Be respectful during argument

Always be respectful. This sounds painfully obvious, but few people can boast that they always remain respectful during a heated argument. People have a right to disagree with you. Showing respect to other people, even when you strongly disagree, demonstrates that you value and trust the other person.

Furthermore, if you don’t respect the people you are arguing with, they will not respect you in turn. Getting personal, calling names, shouting, sarcasm, insults, threats and yelling will all cause the other person to lower their opinion of you. Eventually, you may lose their respect so much that they will no longer tolerate communicating with you at all about anything of importance, leaving your relationship greatly degraded.

When arguing with someone else, keep your argument focused on the point you are trying to make. Here, it can help to once again think of the point you are trying to communicate with the help of logic – premises, statements, conclusions, validity, and truth. Similarly, realize that when you are arguing with someone, no-one else should be involved, unless they are the topic of conversation. It’s not about what their friends or family thinks, or what other people have done. You are trying to communicate with the other person and only the other person – don’t forget that!

Another pointer is to realize that day-to-day arguments are not about ‘winning’ or losing’. When you are arguing with your spouse in the car, you are not having a formal debate. There is no scoring system, no ‘points’ to be earned and no voting method to determine a winner. ‘Winning’ does nothing to further communication, but instead limits people’s abilities to share their ideas and feelings. People who lack verbal eloquence will likely just shut down and stop engaging in the argument, leaving them feeling unsatisfied and unhappy.

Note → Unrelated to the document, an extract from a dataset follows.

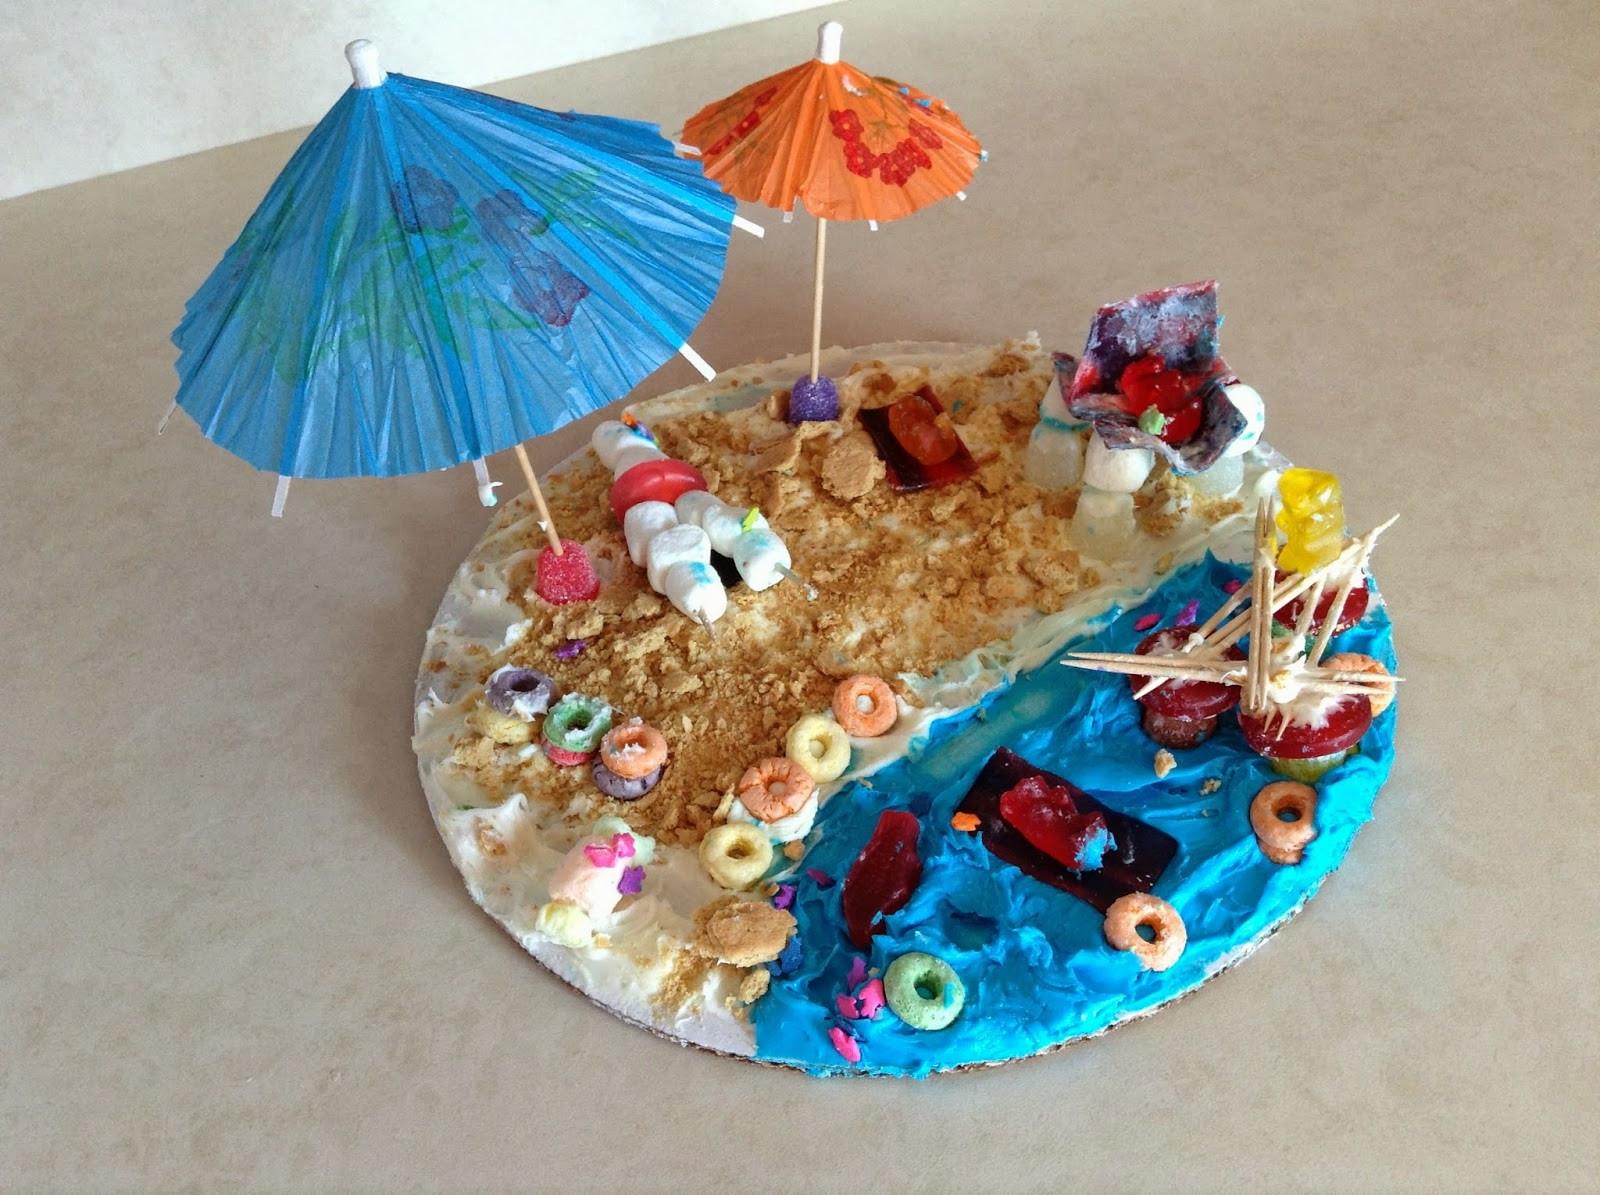 Preschool Arts And Crafts Ideas  Holly s Arts and Crafts Corner Summer Recap Independent

Meanwhile, even if you have ‘won’ the argument in your own mind, due to the lack of the engagement of the other person, you probably won’t have made your own point resonate with them. The other person still probably doesn’t agree or understand your point – they have just given up dealing with you.

With that being, keep the communication active. No-one likes being ignored or walked away from. Even if you are getting frustrated or upset, it’s best to try and turn around the progression of the argument than to give up completely. If you are on the verge of losing self-control, then walking away might be necessary. Nonetheless simply avoiding the issue by opting out of the conversation does neither person any favors; the other person feels shunned whilst you will be left feeling flat and suppressed.

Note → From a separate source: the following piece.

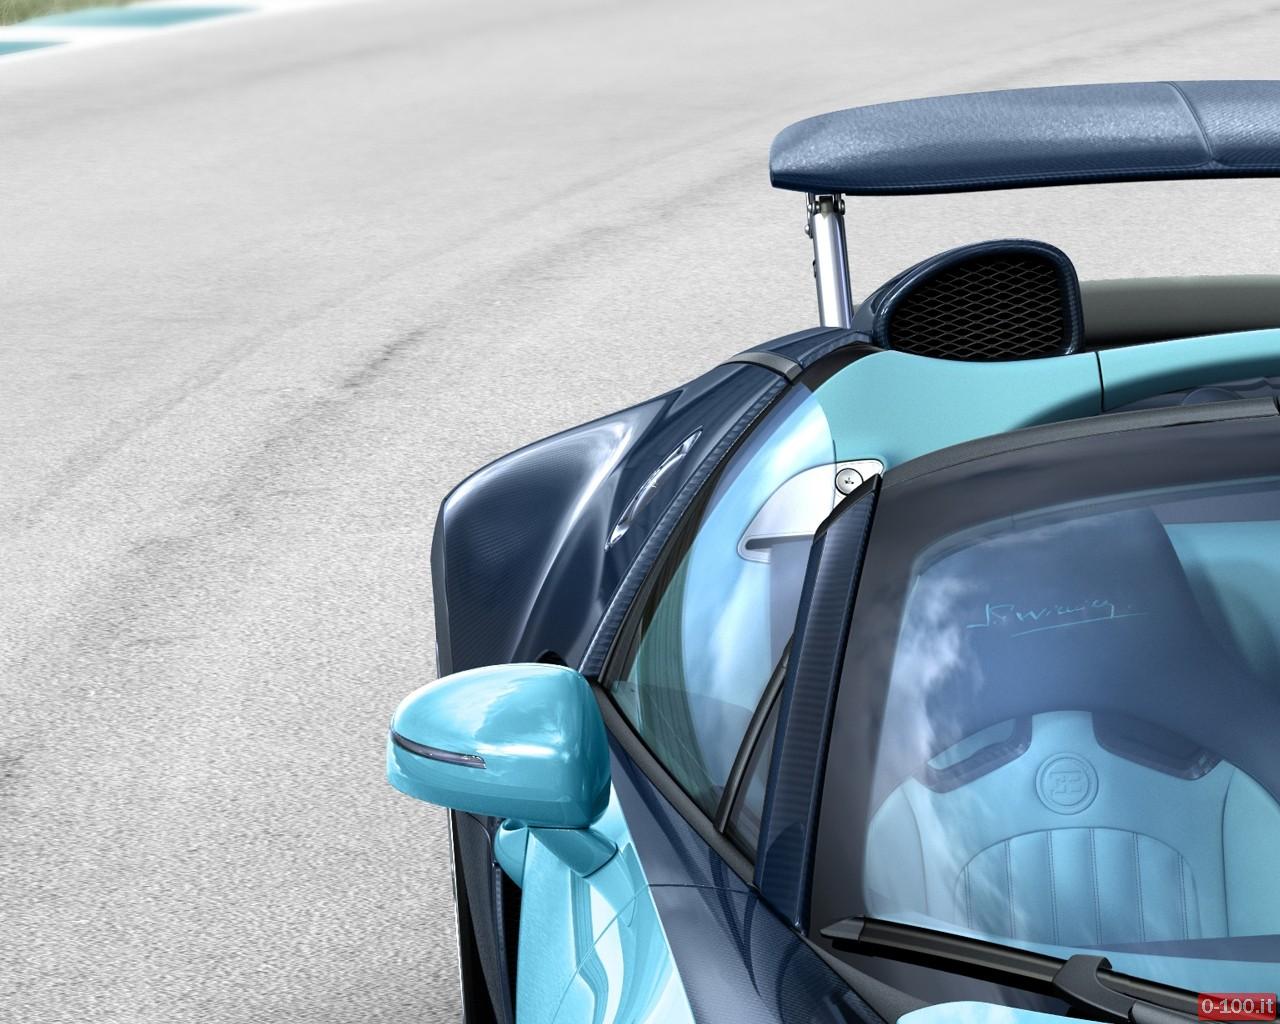 bugatti-veyron-legend-jean-pierre-wimille-0-100_8

Also carefully consider the timing of bringing up an issue. In many relationships, people understand that there is a need to argue and communicate ideas, even if it isn’t always pleasant. Nonetheless, there is a time and a place for talking about problems and other times when it is better to just let it slide.

Don’t embarrass the other person by arguing in public or around friends and family, for example. It’s also best to try and avoid arguing when the other person is having a bad day, is in a low mood or dealing with some other issue present. Some days are seen as special, such as birthdays or holidays, and the other person will also probably not appreciate you souring the atmosphere by raising a lingering problem. Wait until you can have the full undisputed attention of the other person you want to communicate with, but also that you both have the time and space to argue.